These allow the refresh rate to be optimised based on temperature and usage conditions. Unnecessary refreshes can be avoided, saving power. The refresh logic does add some complexity and power, but the net effect is a power savings.

Latency

The new clocking architecture in HBM3 decouples the traditional clock signal from the host to the device and the data strobe signals, allowing for a lower latency and high-performance solution when migrating from HBM2E to HBM3.

Clock architecture

HBM3 decouples the command/address clock from the data bus clock. The command clock runs at half the frequency of the data clock. This allows the DRAM I/O to run faster without burdening the core DRAM arrays.

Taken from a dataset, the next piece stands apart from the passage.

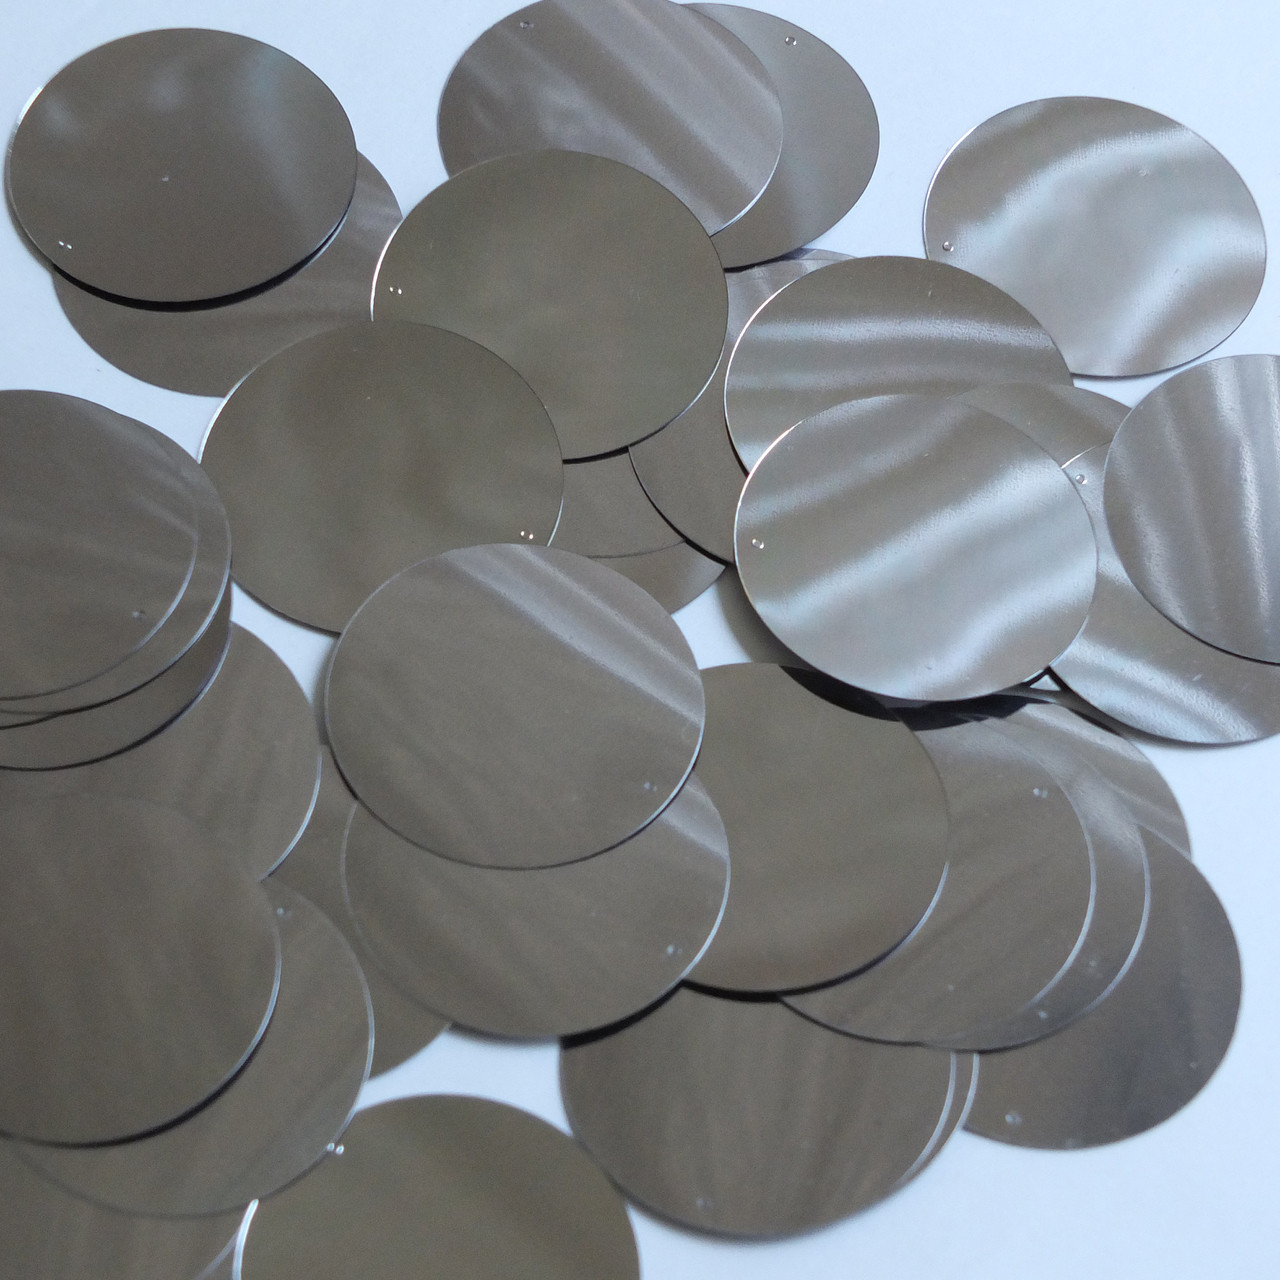 Round Sequin 40mm Hematite Shiny Gray Metallic

Splitting the clocks does require some additional clock generation and synchronisation logic which consumes power. But it enables a significant data rate increase without a proportional power increase.

Summary

In conclusion, HBM3 represents a leap forward in memory technology, offering increased storage capacity, faster data transfer rates, improved power efficiency, and advanced features.

With its ability to meet the growing demands of high-performance computing applications, HBM3 is poised to become the memory solution of choice for industries seeking cutting-edge performance and efficiency.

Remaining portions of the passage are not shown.